During development, I discussed recent additions with Song (and Alexei Starovoitov), ​​so I already knew why they existed and what they were for. Some rough descriptions of the current TCP tracepoints:

  • tcp: tcp_retransmit_skb: Track retransmits. Useful for understanding network issues, including congestion. Will be used by my tcpretrans tool instead of kprobes.
  • tcp: tcp_retransmit_synack: Track SYN/ACK retransmissions. I imagine this could be used for a kind of DoS detection (SYN flood triggering SYN/ACK followed by retransmission). This is separate from tcp:tcp_retransmit_skb because this event has no skb.
  • tcp: tcp_destroy_sock: Required by any program that summarizes details in memory of a TCP session that will be keyed by a sock address. This probe can be used to know if the session has ended so that the sock address will be reused and any aggregated data so far should be used and then deleted.
  • tcp: tcp_send_reset: This tracks RST sends during valid sockets to diagnose these types of problems.
  • tcp: tcp_receive_reset: Track RST reception.
  • tcp: tcp_probe: for TCP congestion window tracking, which also allows older TCP probe modules to be deprecated and removed. This was added by Masami Hiramatsu and merged into Linux 4.16.
  • socks: inet_sock_set_state: can be used for many things. The tcplife tool is one of them, but my tcpconnect and tcpaccept bcc tools can also be converted to use this tracepoint. We could add separate tcp:tcp_connect and tcp:tcp_accept tracepoints (or tcp:tcp_active_open and tcp:tcp_passive_open), but sock:inet_sock_set_state can be used for this purpose.

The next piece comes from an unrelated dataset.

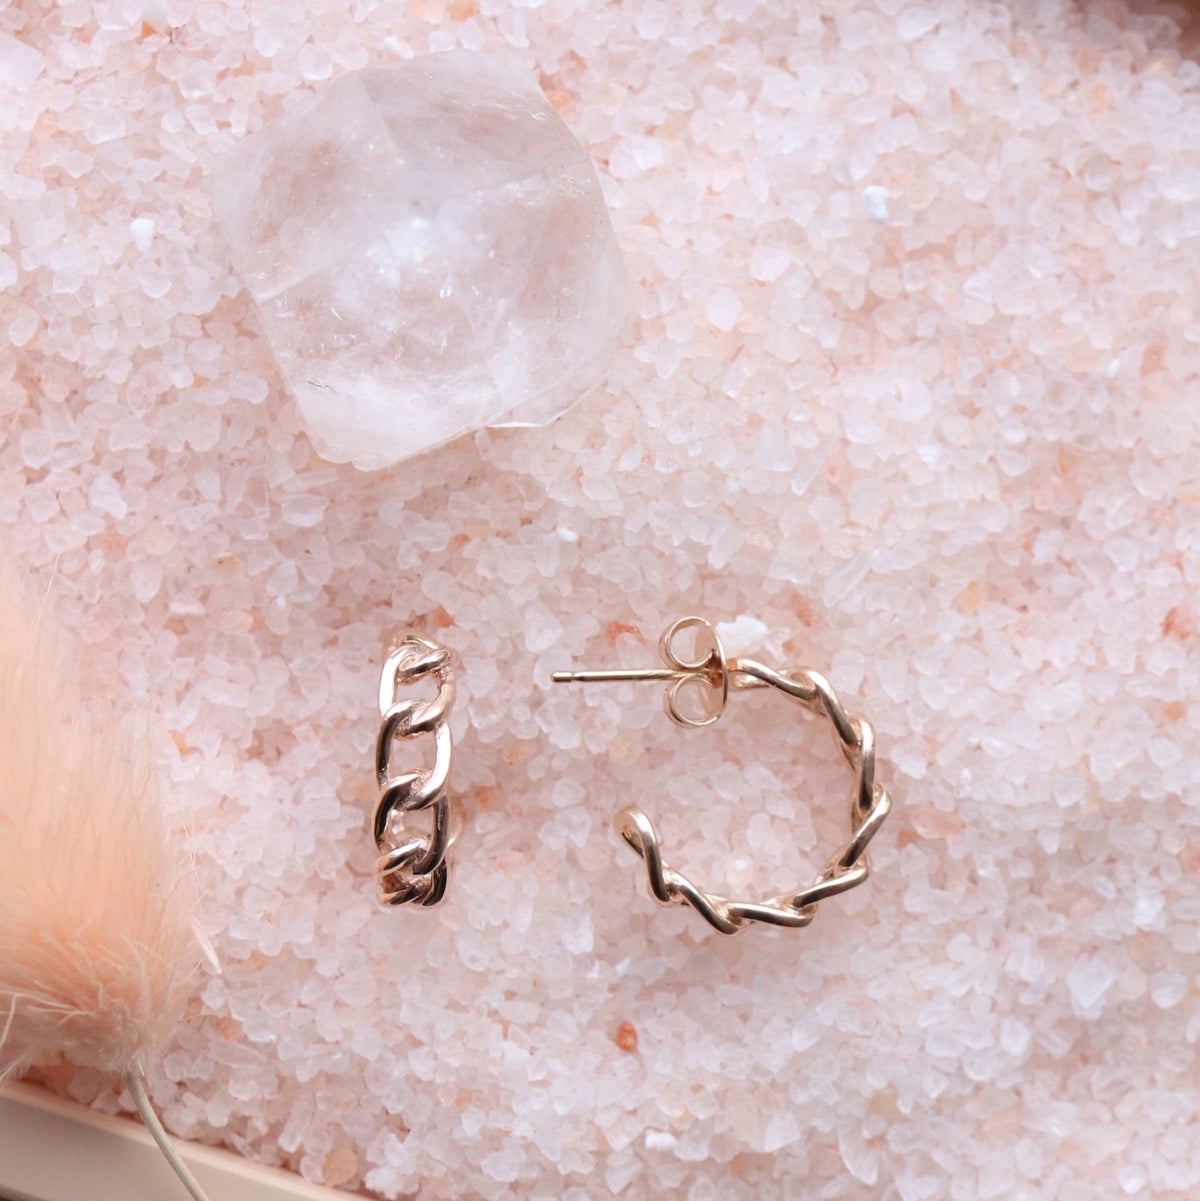 POISE CABLE LINK HUGGIE HOOPS - ROSE GOLD - SO PRETTY CARA COTTER

I can imagine how useful these TCP tracepoints would be, since I designed and used a similar tracepoint many years ago: the DTrace TCP provider I demonstrated at CEC2006. I originally split TCP state changes into probes for each state, but when it was merged it became a single tcp:::state change probe like we do in Linux now via socks tracepoint .

What's next? The tracepoints for tcp:tcp_send and tcp:tcp_receive may be convenient, but special attention must be paid to the tiny overhead they may add (both enabled and specifically disabled), since sending/receiving can be a very frequent activity. It would also be useful to have more trace points for error conditions, such as connection refused paths, which might help analyze DoS attacks.

If you're interested in adding TCP tracepoints, I recommend writing a kprobe solution first as a proof of concept and to gain some production experience. This is the role played by my previous kprobe tool. The kprobe solution will show whether the tracepoint is useful, and if so, help to include it in the Linux kernel maintainers.